Opening a file in upper or work does not create a file in the lower filesystem until it is synced to the lower filesystem. Syncing is performed when a container is destroyed using the com.pelagicore.SoftwareContainerAgent.Destroy(id) call.

The upper directory is a temporarily created directory in the /tmp filesystem. The work is also a temporary filesystem.
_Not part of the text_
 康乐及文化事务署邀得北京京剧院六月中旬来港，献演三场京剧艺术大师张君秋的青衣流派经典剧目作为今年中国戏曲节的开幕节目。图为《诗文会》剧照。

When the container is shutdown and the mountpoints are cleaned up, the upper filesystem is copied into the lower filesystem causing the filesystem changes performed during its runtime to be merged into the lower layers.

Note

Non-directory types of files can not be mounted using overlayfs. These will automatically fall back on using the default behavior of bind mounting the files into the filesystem of the container.

Temporary Filesystem

The write buffers can be configured to use a separate temporary filesystem (tmpfs) which can be limited in size. The tmpfs is mounted on top of the containers temporary directory as soon as it’s created and will remain there until the container is destroyed. All overlayfs mounts and temporary directories should be created inside this tmpfs mount.
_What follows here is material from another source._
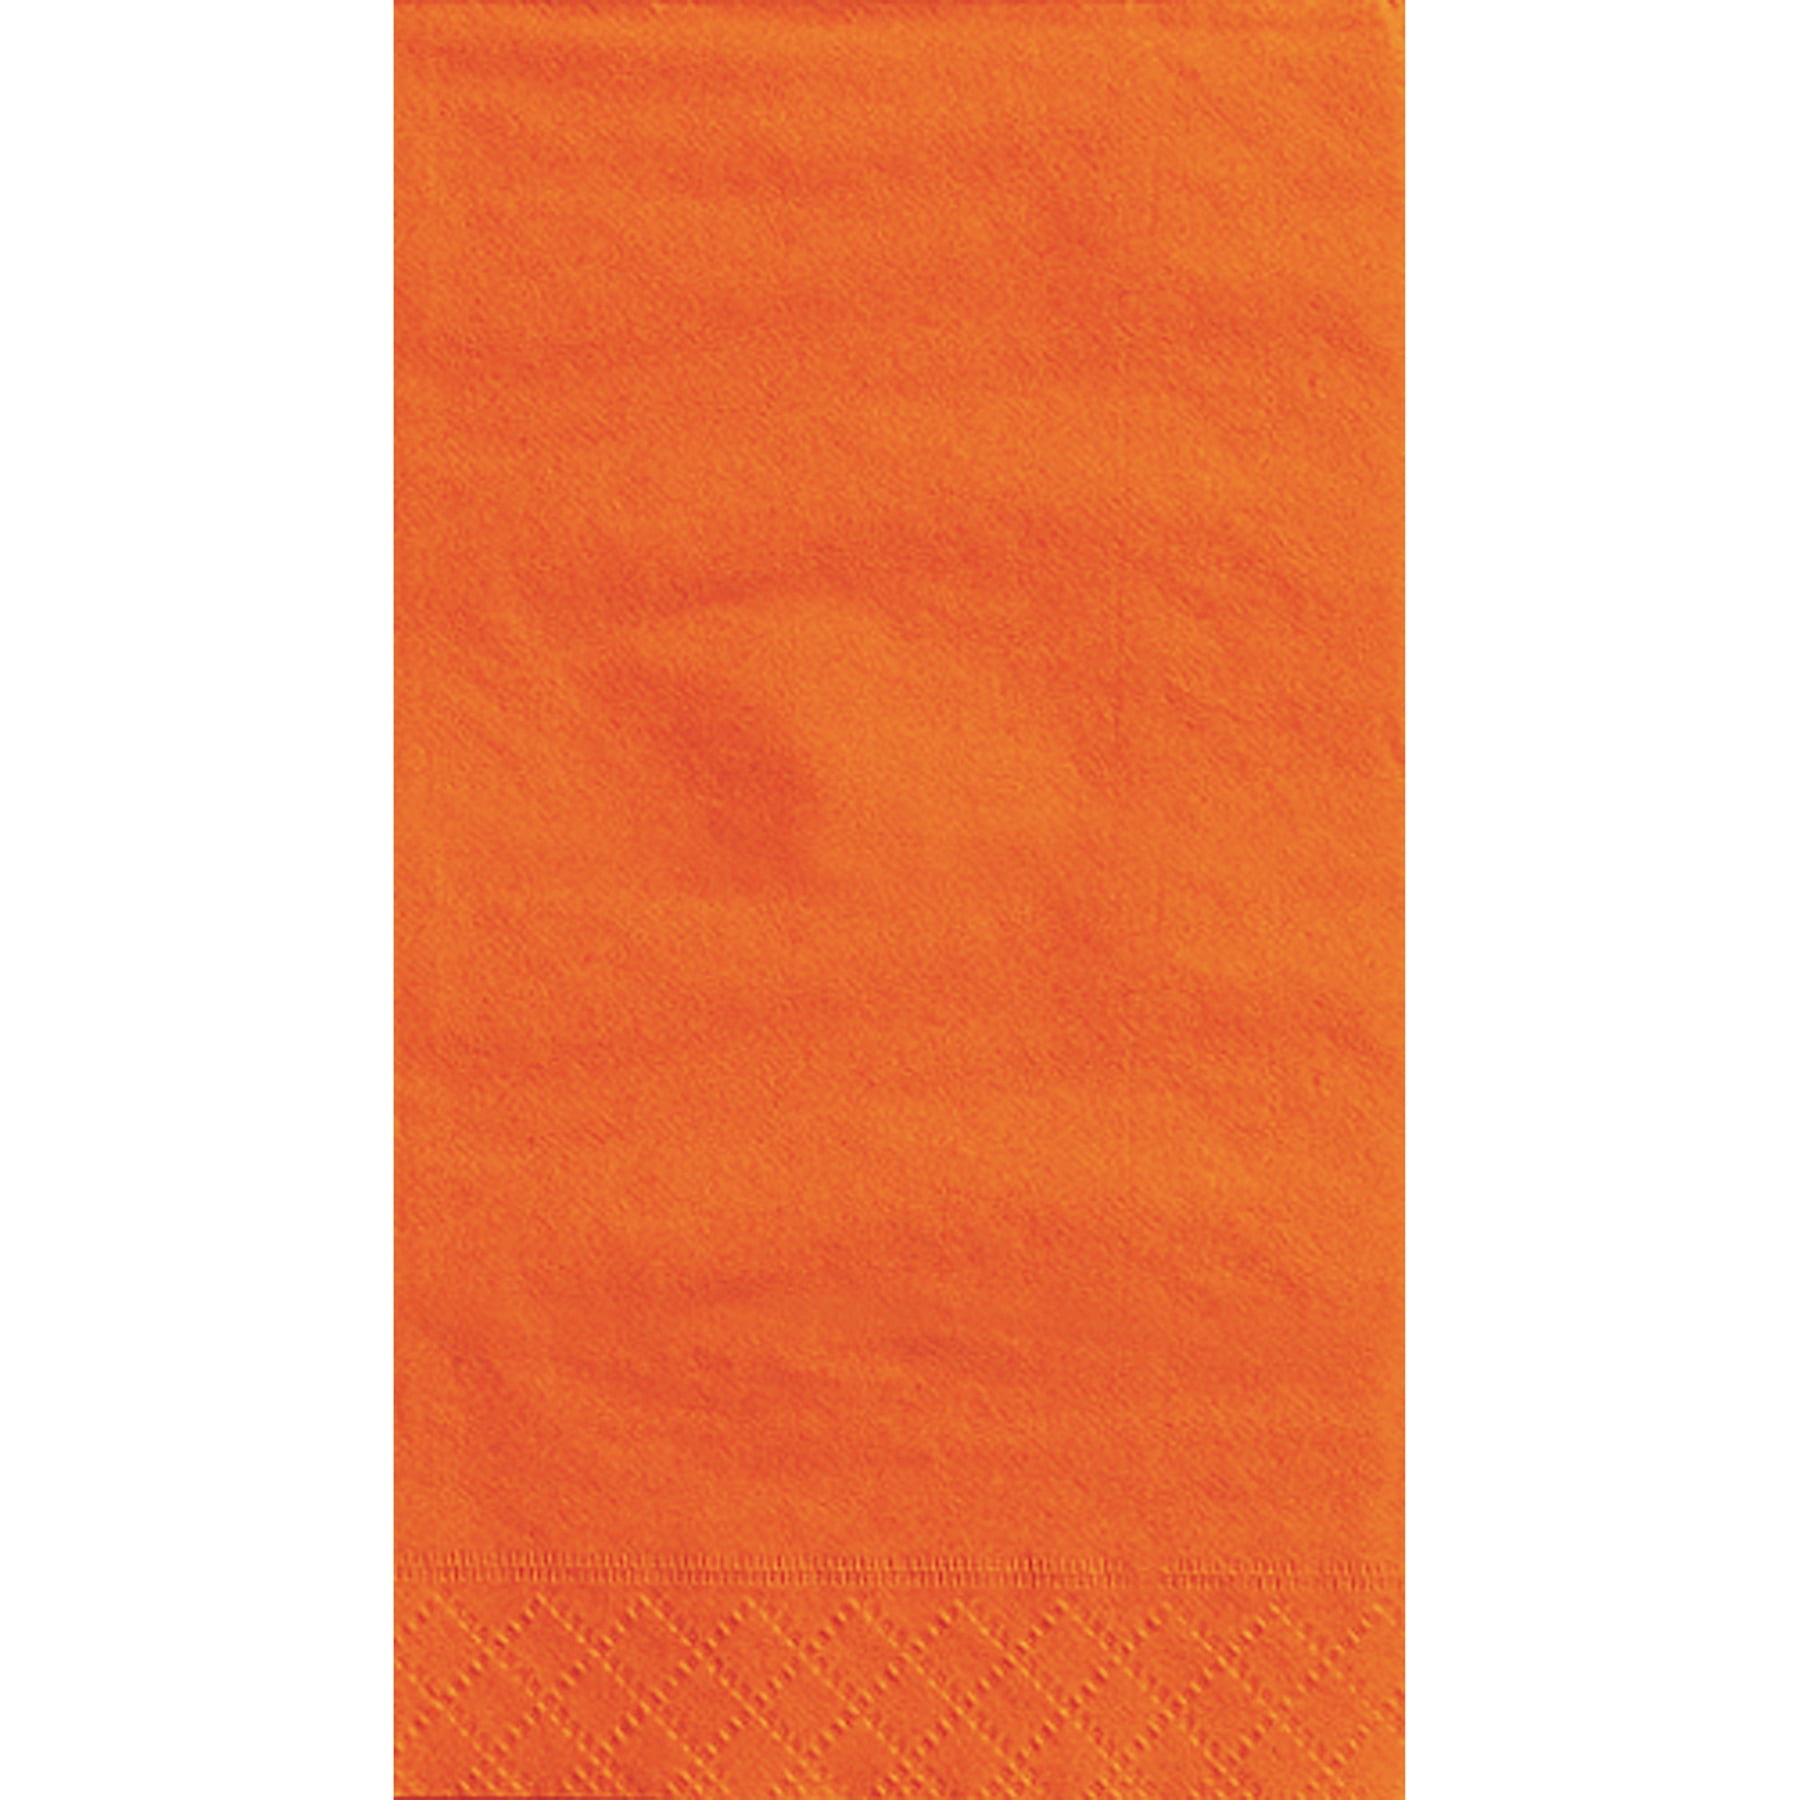 20ct Unique Orange Guest Napkins 7.75 x 4.5

The size of the tmpfs can also be limited using an extra configuration option in the Create DBus call to the SoftwareContainerAgent. An example configuration would look like this:

[{
    "writeBufferEnabled": true,
    "temporaryFileSystemWriteBufferEnabled": true,
    "temporaryFileSystemSize": 10485760
}]

The temporaryFileSystemWriteBufferEnabled setting enables the tmpfs creation as described above, while the temporaryFileSystemSize variable sets the size of the tmpfs in bytes.

Note

The temporaryFileSystemSize parameter will not be parsed unless the temporaryFileSystemWriteBufferEnabled parameter is true. The temporaryFileSystemSize is not required if the temporaryFileSystemWriteBufferEnabled is set to false or not added at all.

Note

The tmpfs is shared between the upper and work directories in overlayfs being mounted to the rootfs and all the directories being bindmounted into a single instance of a container.